◆ **Exercise instructions**
Working through the data below, reproduce word for word the line with "Der zylinderförmige Schrank" and every line after it, both ends included, and omit the pictures.
##### Material to process
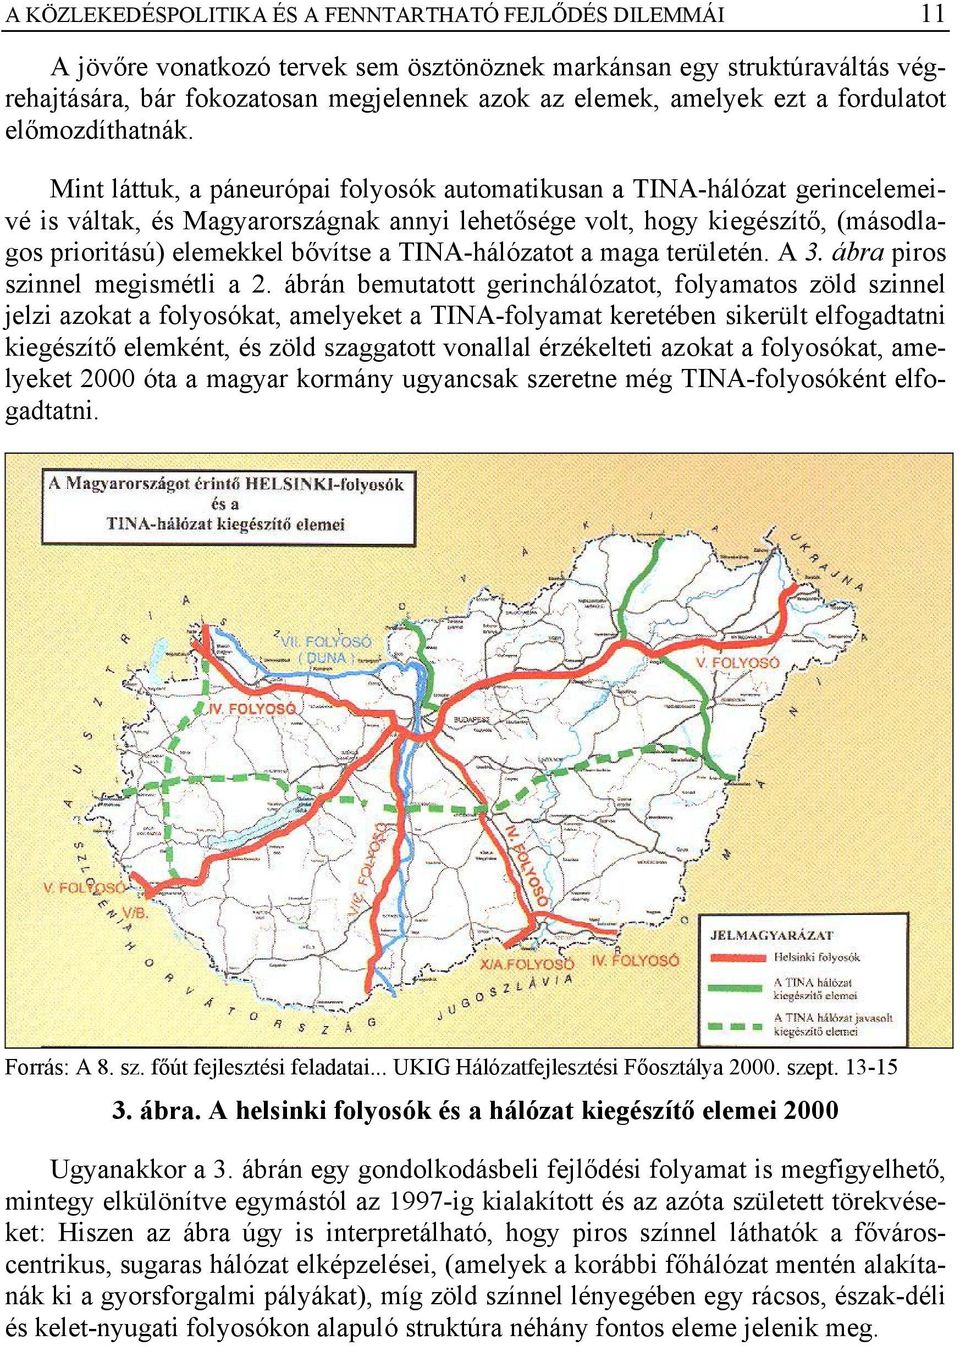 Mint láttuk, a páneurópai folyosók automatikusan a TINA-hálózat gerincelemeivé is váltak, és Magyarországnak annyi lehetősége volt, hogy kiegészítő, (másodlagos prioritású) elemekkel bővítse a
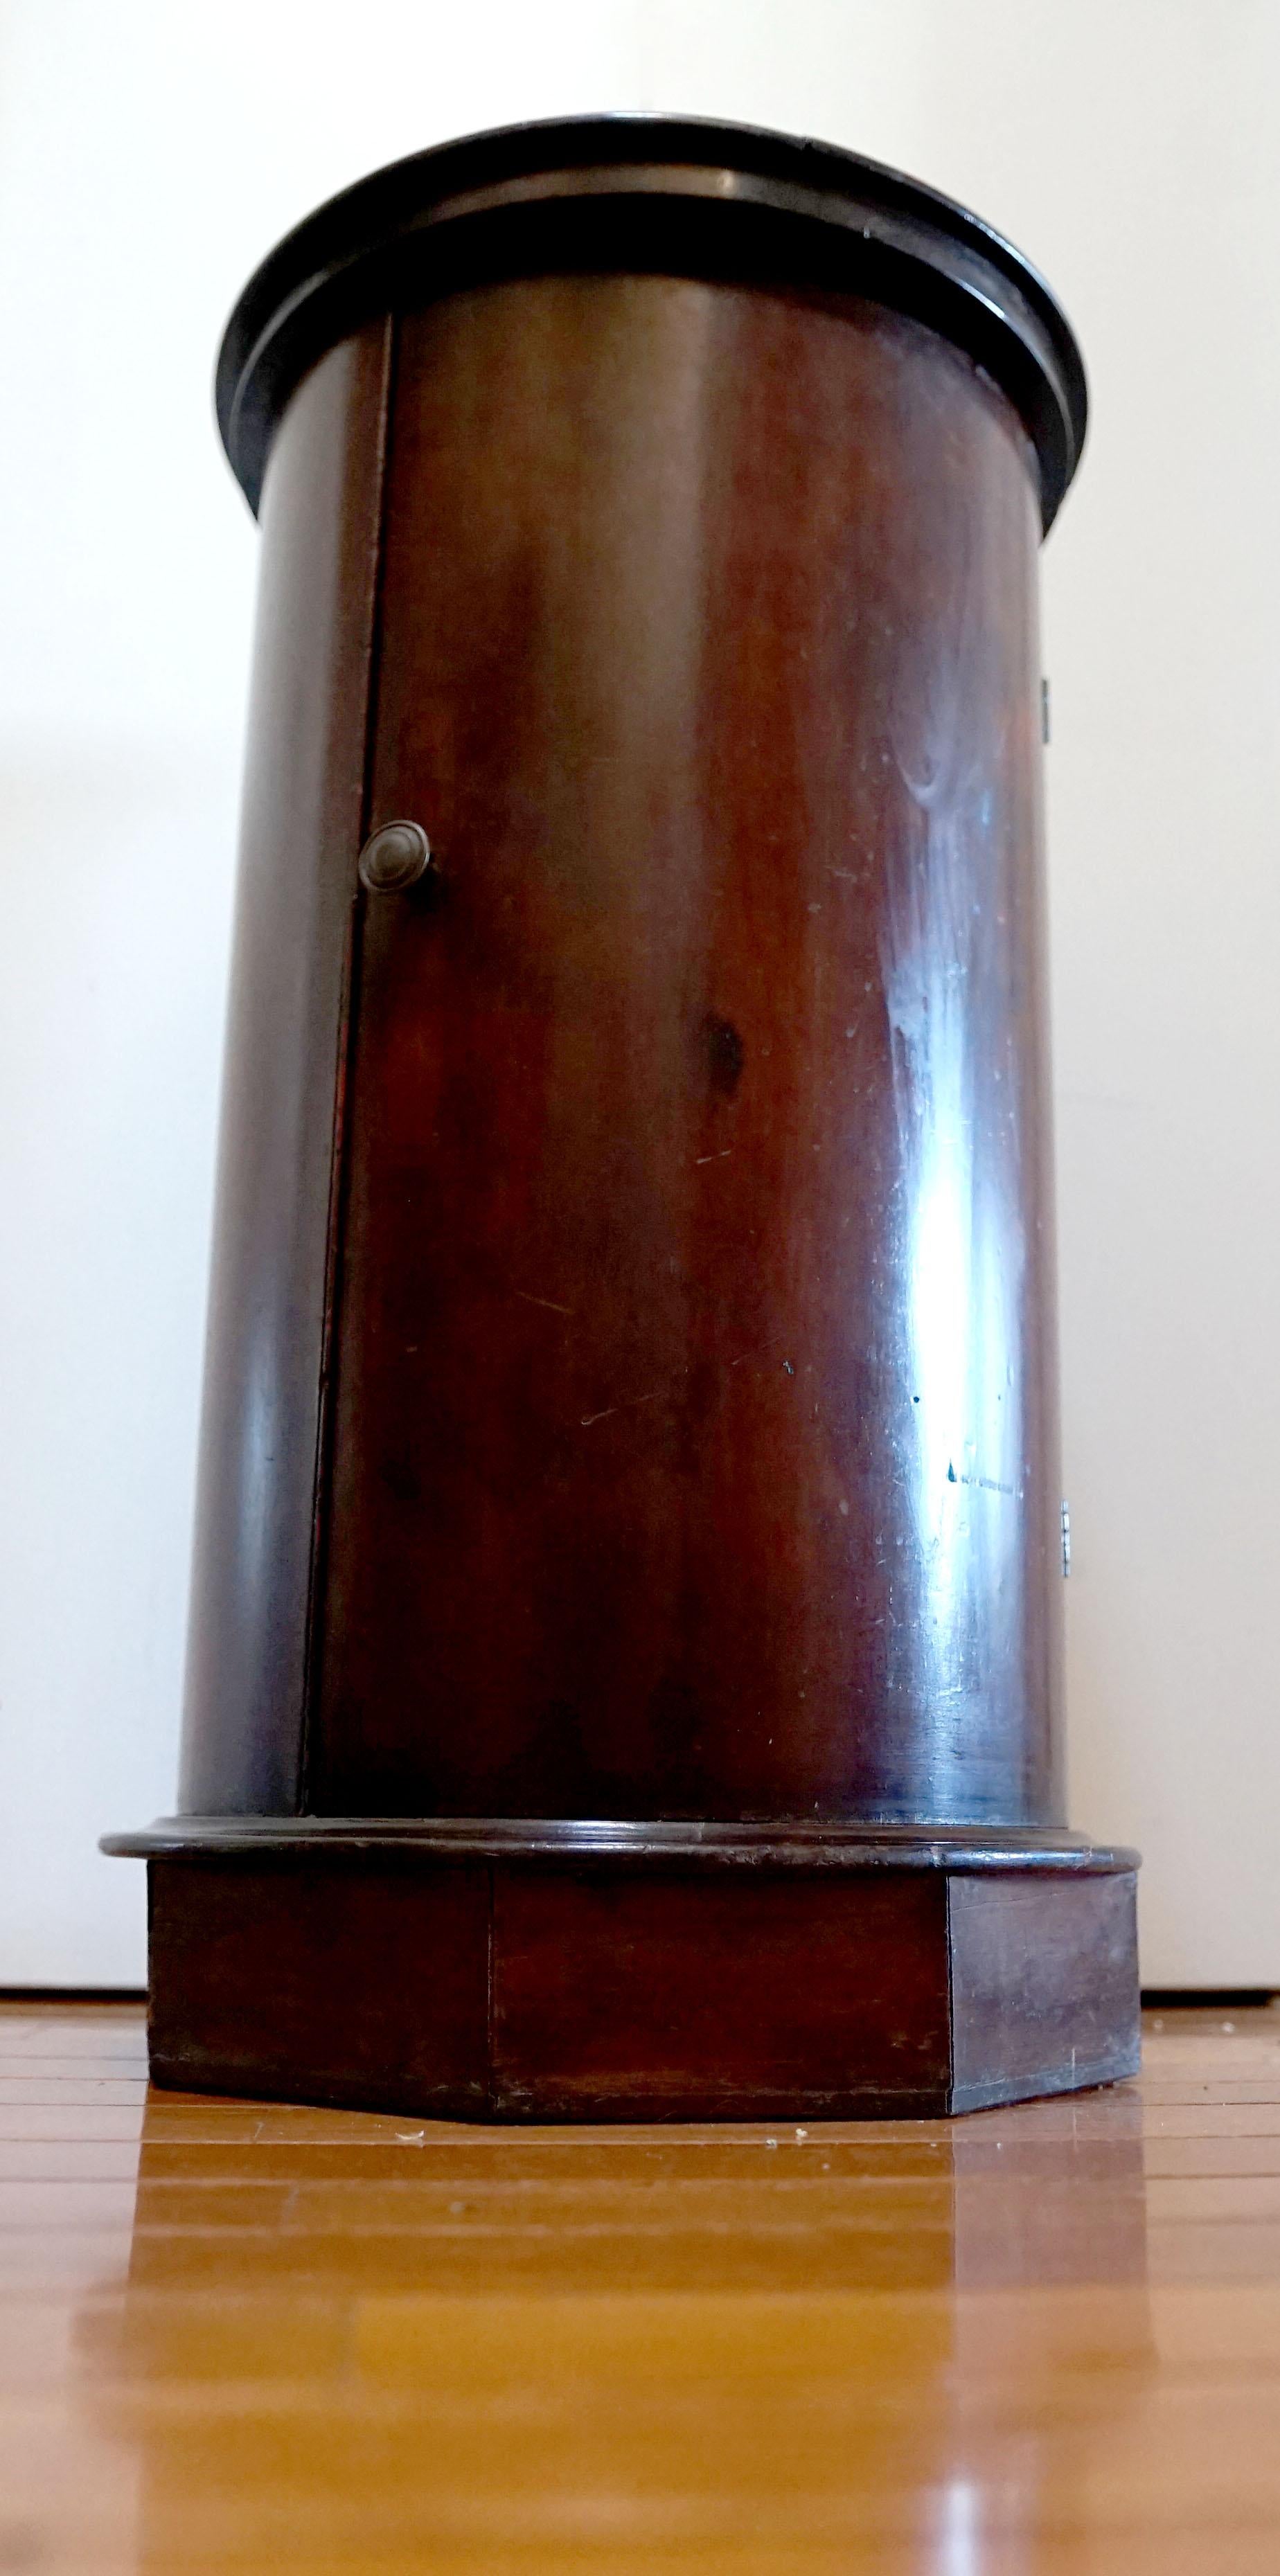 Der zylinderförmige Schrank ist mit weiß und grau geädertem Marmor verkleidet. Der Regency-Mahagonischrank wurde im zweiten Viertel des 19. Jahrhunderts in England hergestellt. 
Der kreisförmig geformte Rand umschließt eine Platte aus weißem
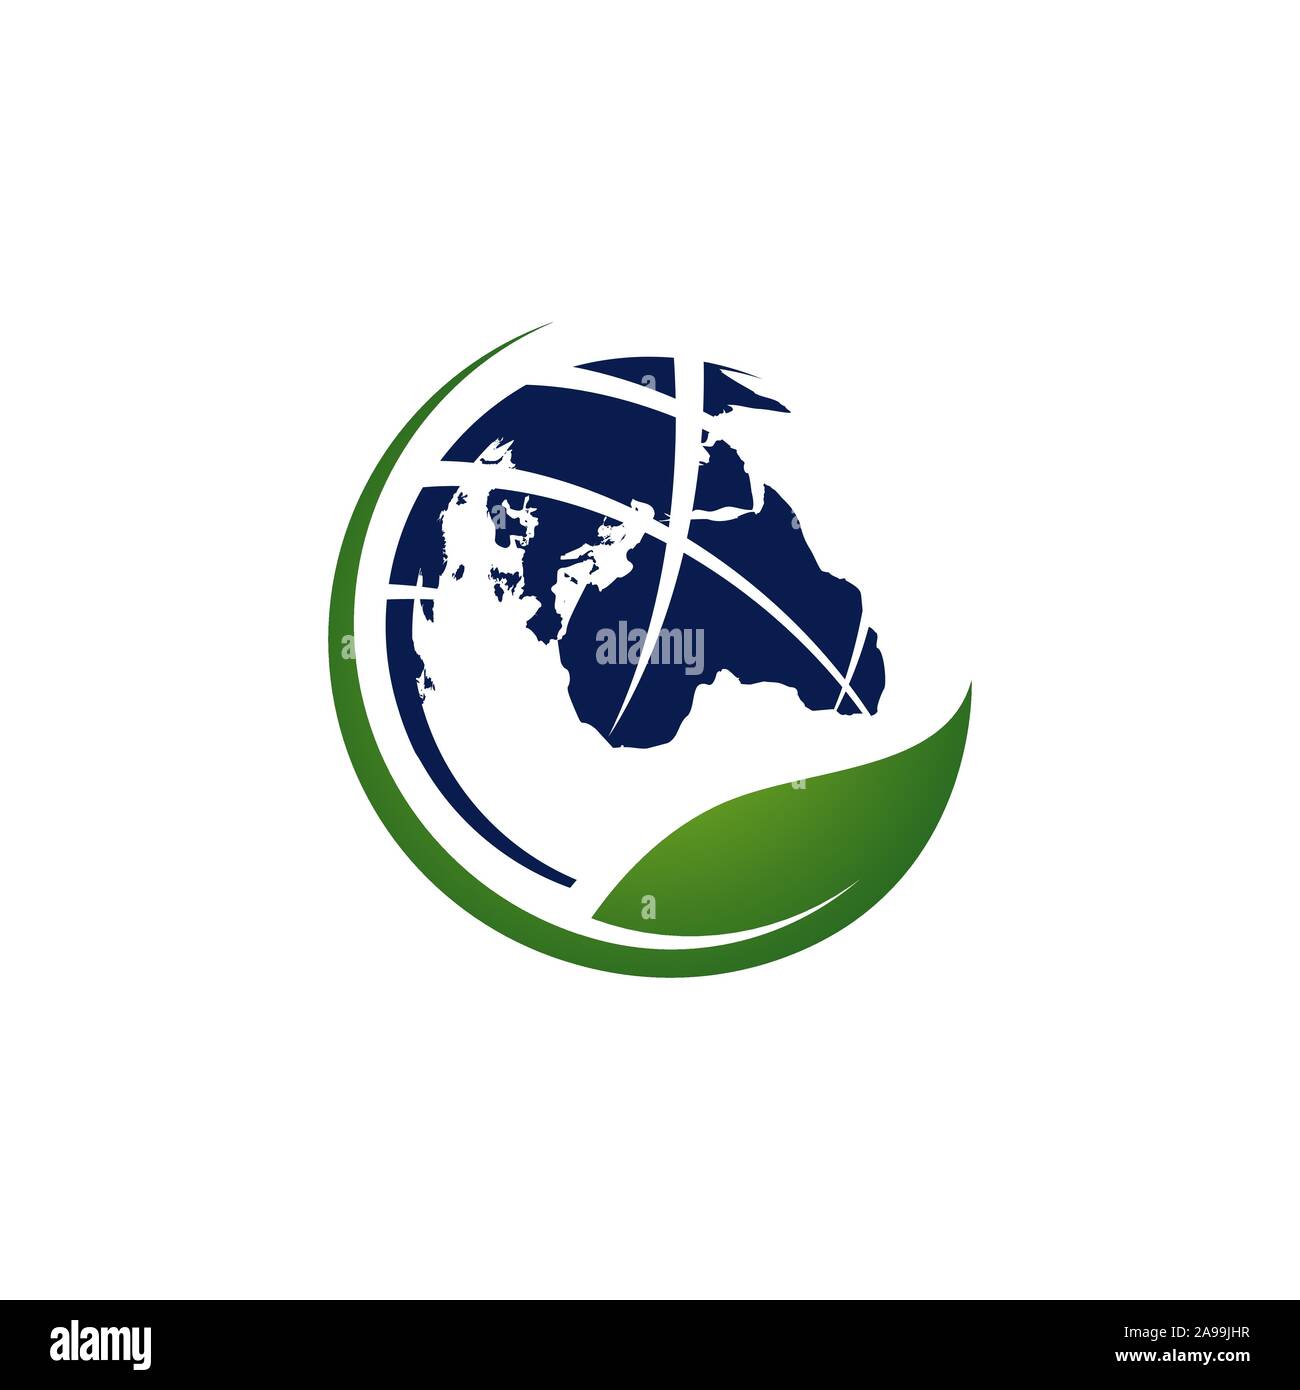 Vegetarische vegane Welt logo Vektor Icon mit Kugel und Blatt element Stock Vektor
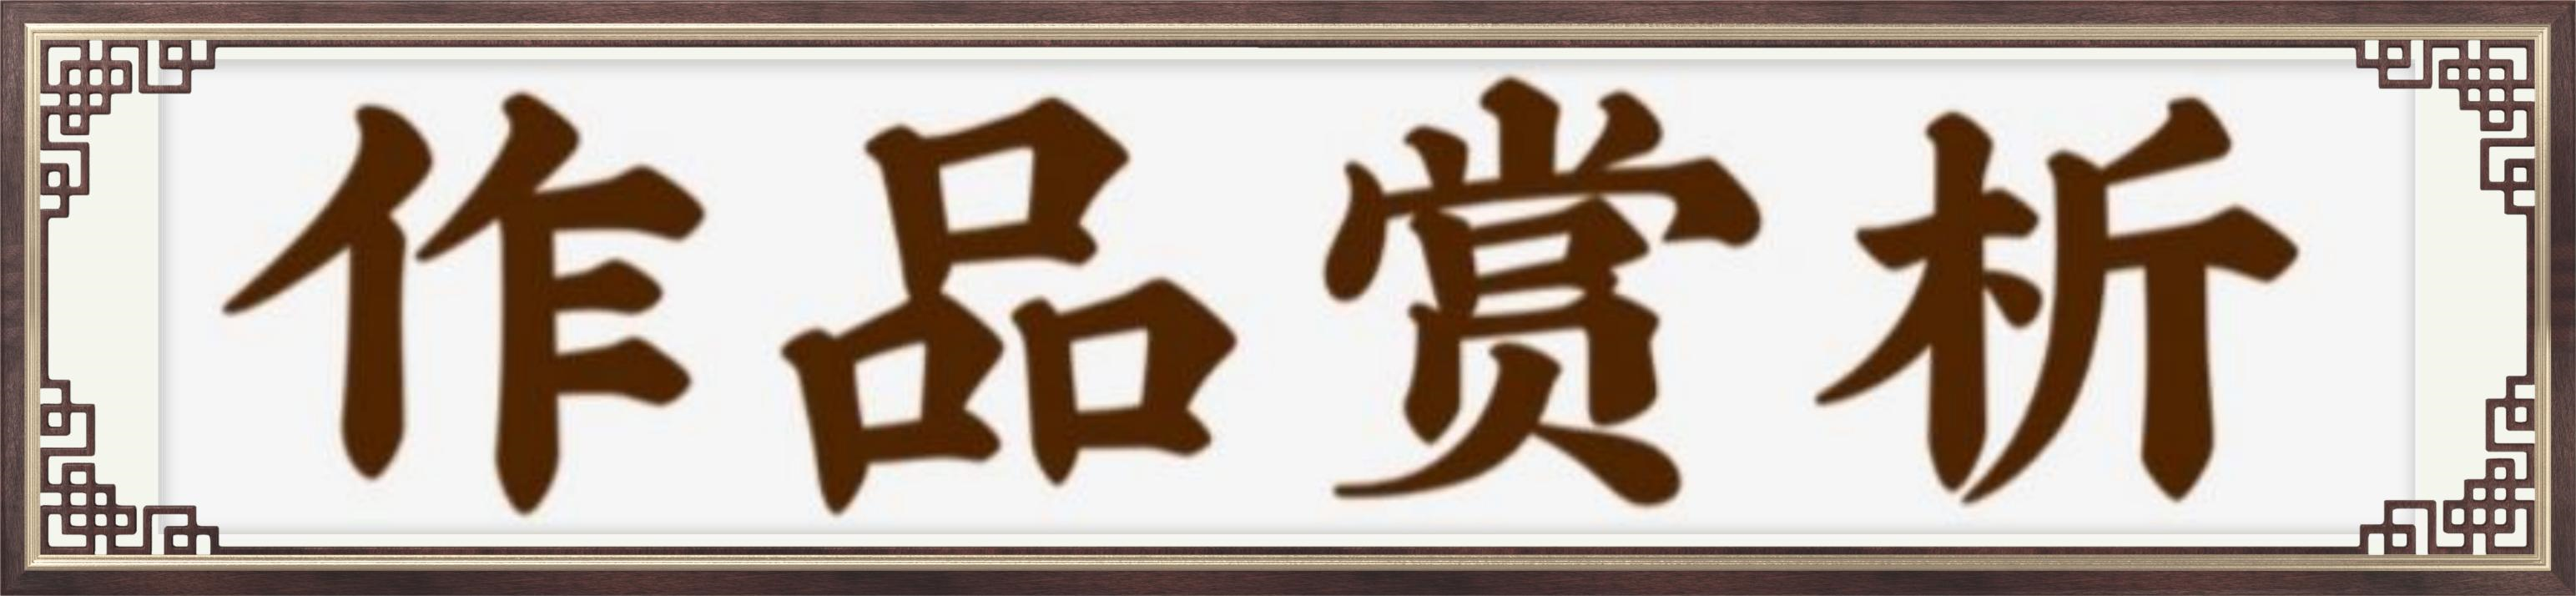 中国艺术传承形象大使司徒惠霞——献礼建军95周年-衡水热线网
##########
◆ **Output**
 Der zylinderförmige Schrank ist mit weiß und grau geädertem Marmor verkleidet. Der Regency-Mahagonischrank wurde im zweiten Viertel des 19. Jahrhunderts in England hergestellt. 
Der kreisförmig geformte Rand umschließt eine Platte aus weißem
 Vegetarische vegane Welt logo Vektor Icon mit Kugel und Blatt element Stock Vektor
 中国艺术传承形象大使司徒惠霞——献礼建军95周年-衡水热线网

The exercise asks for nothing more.